The Perkins Globe started as a teaching tool for students like Helen Keller, and 180 years later people still want to touch it.

The Perkins Globe is touched by thousands of people each year, from students and staff to visitors. These have included famous figures like Charles Dickens, then-Sen. John F. Kennedy and former President George H.W. Bush.

When Helen Keller visited Perkins School for the Blind in 1956, her first question was, “Do you still have the globe?”

The giant tactile globe was the first thing she’d touched seven decades earlier when she first arrived at Perkins as a student, just 8 years old and far from her family. Running her fingers over the borders of her home state of Alabama made her feel a little closer to home.

Today, the opportunity to touch a shared piece of history – one that would be stored behind glass in most other institutions – is irresistible to thousands of visitors who come to Perkins each year. As they enter the Howe Building at the center of campus and walk through the Perkins Museum, the iconic Perkins Globe comes prominently into view. 

“People are excited to make that personal connection,” said Perkins tour guide Kevin Hartigan. “It really is the most important artifact in the museum.”

Built in 1837 by Steven Preston Ruggles, the globe is 13 feet in circumference and made from over 700 pieces of wood. It’s painted in bright colors and supported by a wooden frame that includes longitude and latitude markers in braille, as well as zodiac signs.

It’s “possibly the oldest three-dimensional relief globe made in the United States,” according to a 1957 article in The Geographical Review.

The globe was built to allow Perkins students to tactilely learn about the Earth’s geography. Country borders and natural landmarks like mountains and rivers are raised so they can be identified by touch. For students with low vision, the oceans are blue, while countries are painted red, brown, green and other colors.
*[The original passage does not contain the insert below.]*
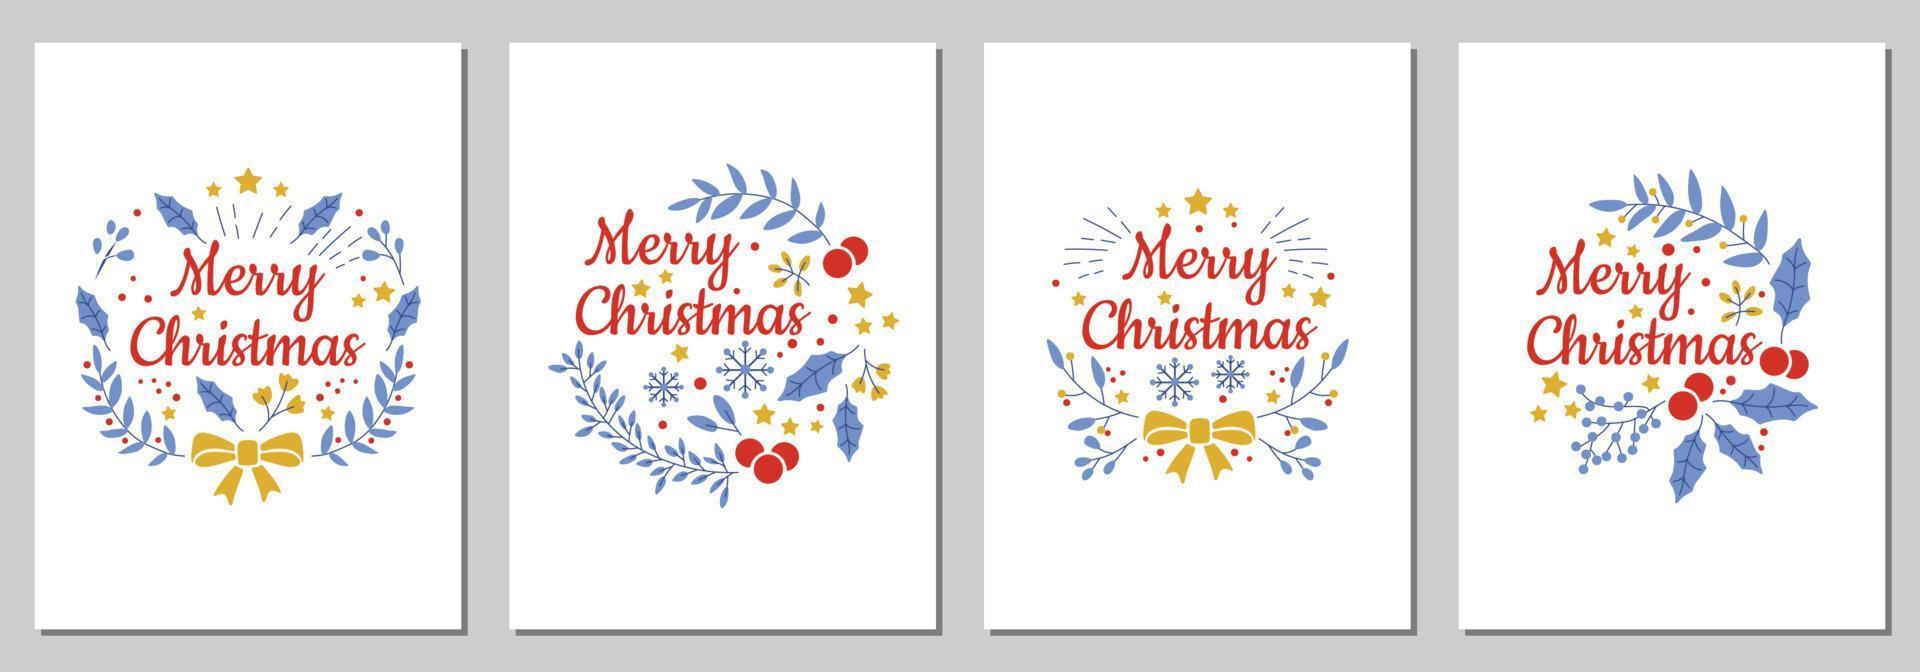 tarjetas navideñas con feliz navidad con adornos navideños y diseño tipográfico. ilustración vectorial vector

However, as the decades passed, many of the borders and names of countries became outdated. The United States, for example, had to be repainted because it initially only extended as far west as the Mississippi River. Some countries had as many as 12 layers of paint, Harvard researchers discovered when they studied the globe in 1982.

“The amount of change the globe has gone through is just fascinating,” said Perkins Archivist Jen Hale. “This was something that was constantly being altered.”

Generations of students’ and visitors’ hands touching the globe also left their mark.

The globe has been restored twice, in 1940 and 2004. Though for many years it could be spun in any direction – and students took full advantage of that – it had to be secured in place between the renovations for its structural integrity. To further preserve it, the 2004 restoration company recommended that the globe be placed behind glass.

But that would have defeated its purpose. “It was made to be touched,” said Hartigan.

Keller isn’t the only famous figure to put her hands on the globe. Others include author Charles Dickens, then-Sen. John F. Kennedy and former President George H.W. Bush.

But Keller remains the big draw.

“I can’t describe how many 7-year-old girls come to Perkins because they’ve read a picture book about Helen Keller and fallen in love,” Hartigan said. “When I tell them she studied geography on (the globe) and I have them touch Alabama, you can see the goosebumps on their arms. That’s the best part of my job.”